In 1898, Curtis met the anthropologist and Native American expert, George Bird Grinnell. They ran into each other as Curtis was photographing Mount Rainier, and the two soon partnered up for the Harriman Alaska Expedition of 1899. Curtis served as the official photographer for the expedition, where he photographed and researched glaciers and Eskimos with a team of 24 scientists.
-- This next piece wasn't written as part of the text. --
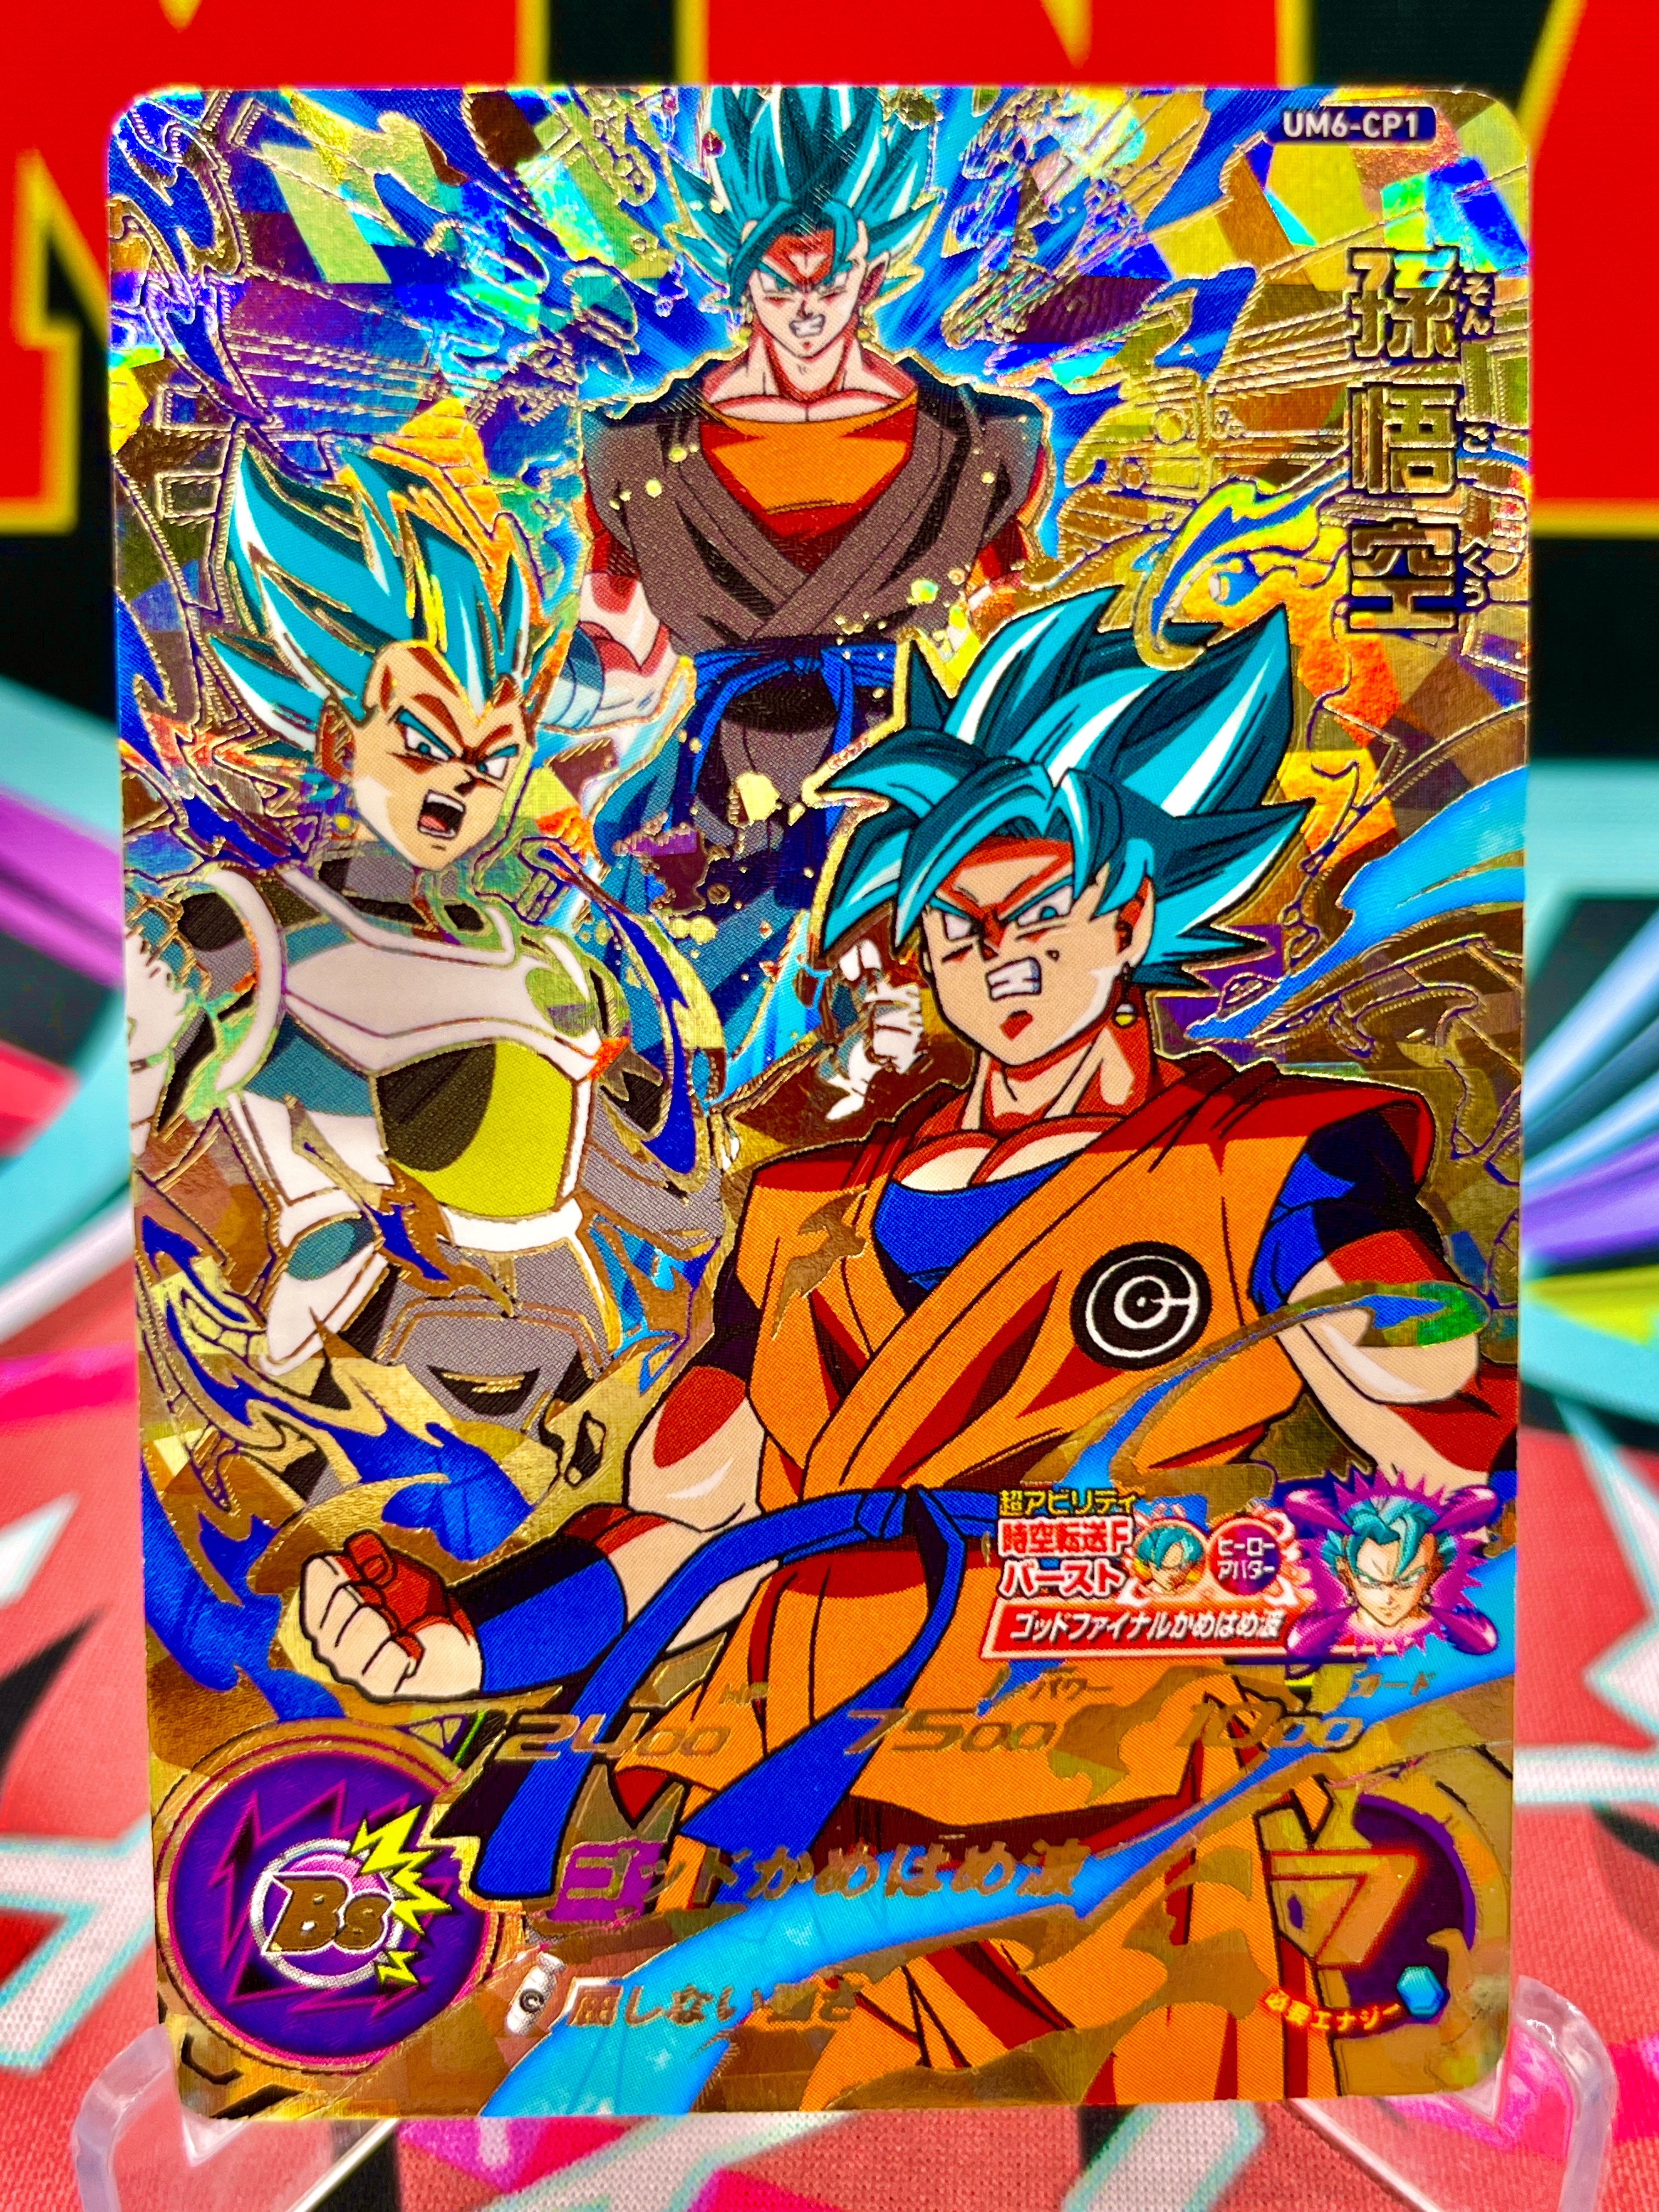 UM6-CP1 Son Goku, Vegeta, & Vegito CP (2019)

Grinnell and Curtis teamed up again for the Blackfoot Confederacy Expedition of 1900, studying Piegan culture and viewing the Sun Dance custom of the Piegans. Curtis later exhibited his photographs in Seattle to popular acclaim, and his work was featured in magazines. His photographs caught the eye of President Theodore Roosevelt, who hired Curtis to cover his daughter’s wedding and commissioned a series of family portraits.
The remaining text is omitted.